My wife is in cubicle 41. Hanging from hooks suspended over her bed are several wires and tubes all connected to one place or another on her body. She manages a slight smile, and a weak greeting. When I ask her how she is doing, she nods and offers a weak “OK.” But it is clear to me she is in a place somewhere between nowhere and here.
A nurse opens the curtain and askes my wife if she can wiggle her toes. Barely, but this is good progress according to the nurse. I am allowed to stay for only a few minutes, and then it is back to the atrium. Later, in her semi-private overnight 10th floor room, my wife cannot recall even a moment of my recovery room visit.
The next day she is looking much better, and has already had one physical therapy walking session. I am given a list of prescriptions to pick up at a nearby pharmacy and told that it is likely my wife will be discharged in the afternoon after one more go-round with the physical therapist.
At 3:00PM I am directed by an attendant to pull our car into the curb closest to the hospital doors where I am one of four or five picking up discharged patients. After ten minutes, I see my wife being wheeled out. Two aides carefully assist her into the car.
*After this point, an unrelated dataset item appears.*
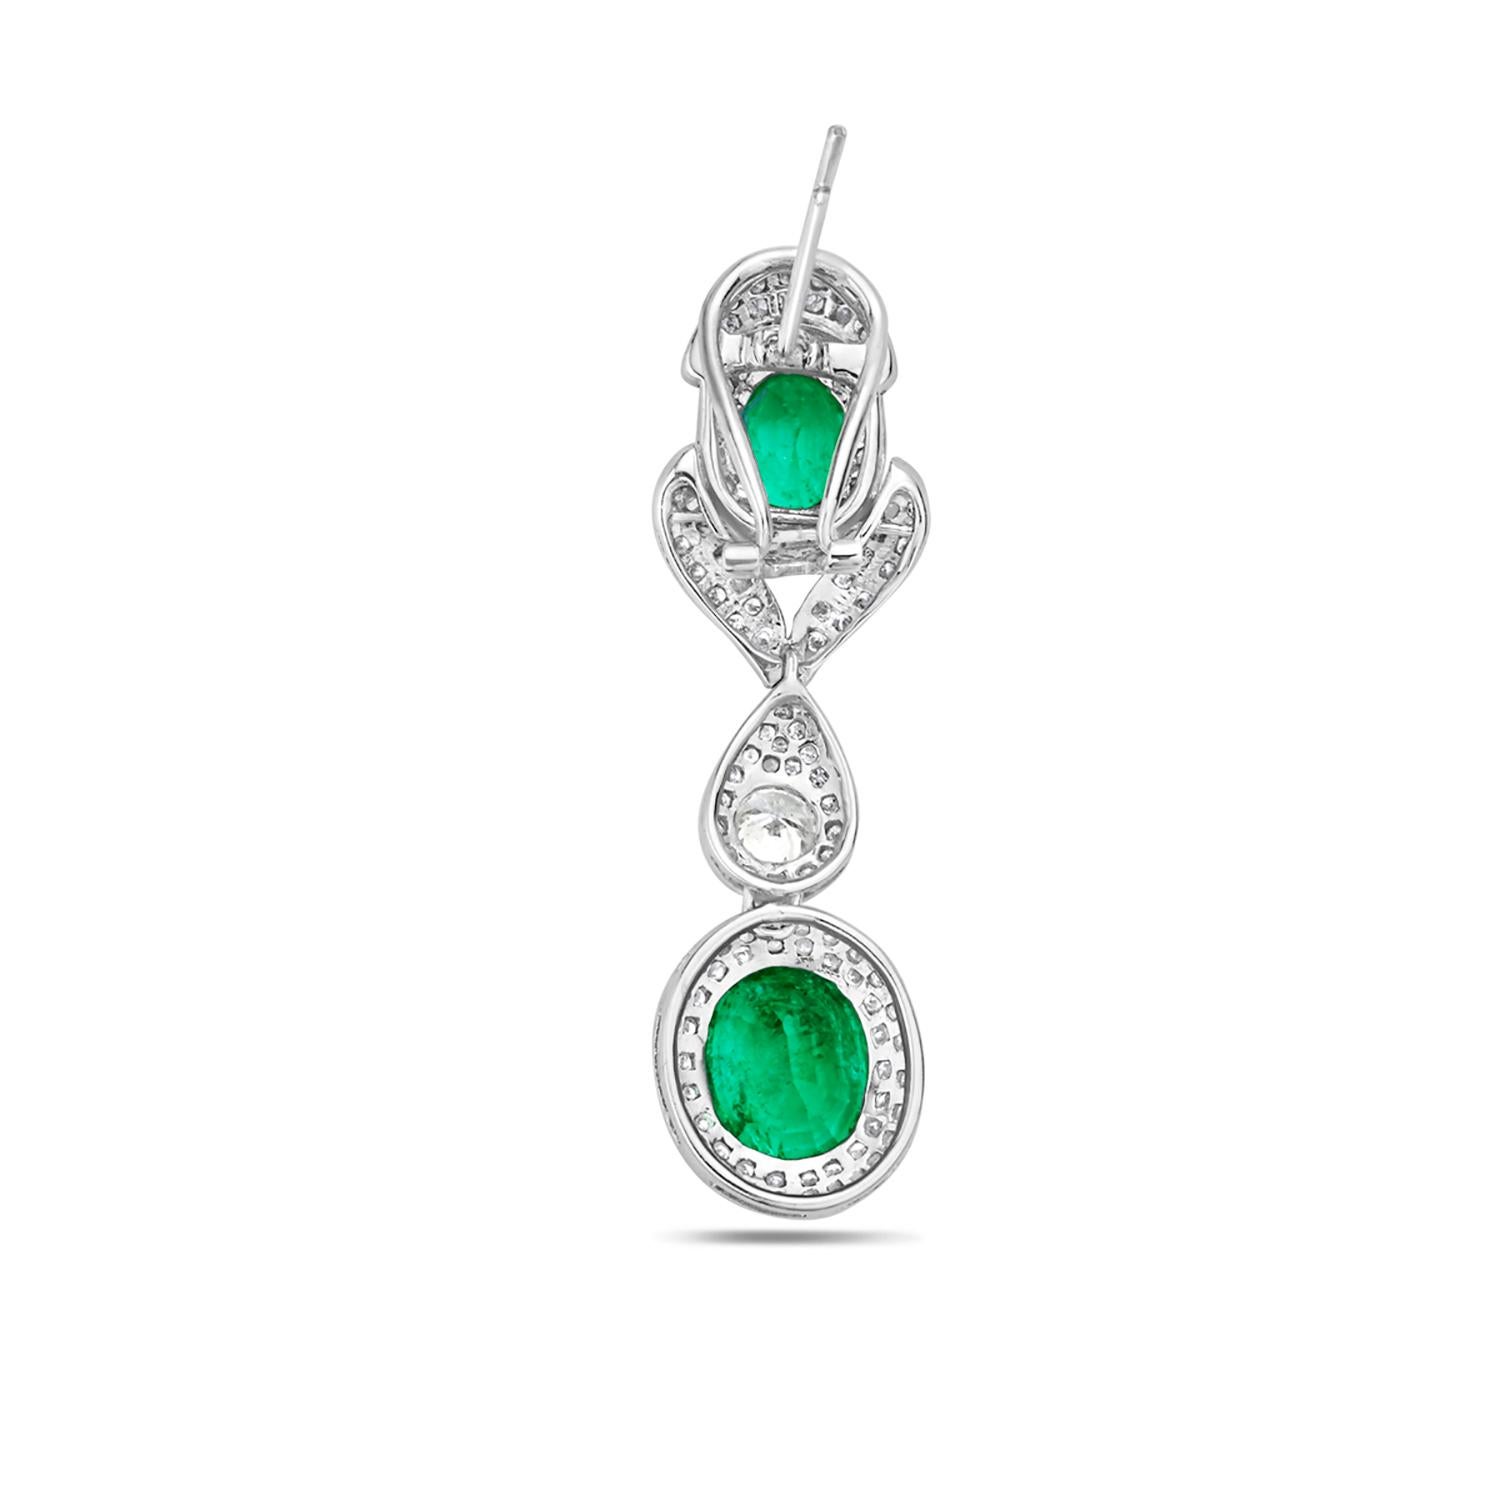 Contemporary Double Oval Shaped Emerald Earrings with VS Diamonds Made in 14k White Gold For Sale

It is a long drive to where we live at the end of Long Island, but we choose to get it over with.
There is always traffic on the East River Drive, but somehow we manage to reach the Triborough without much delay. For a few minutes we are once more suspended over the East River. Beneath us the water now flows north on a flood tide. Behind us the sun sinks behind Manhattan’s skyline. To our left traffic passes us headed into the city. People are going home, or to work, or perhaps to a hospital. We are outbound, headed home. For now.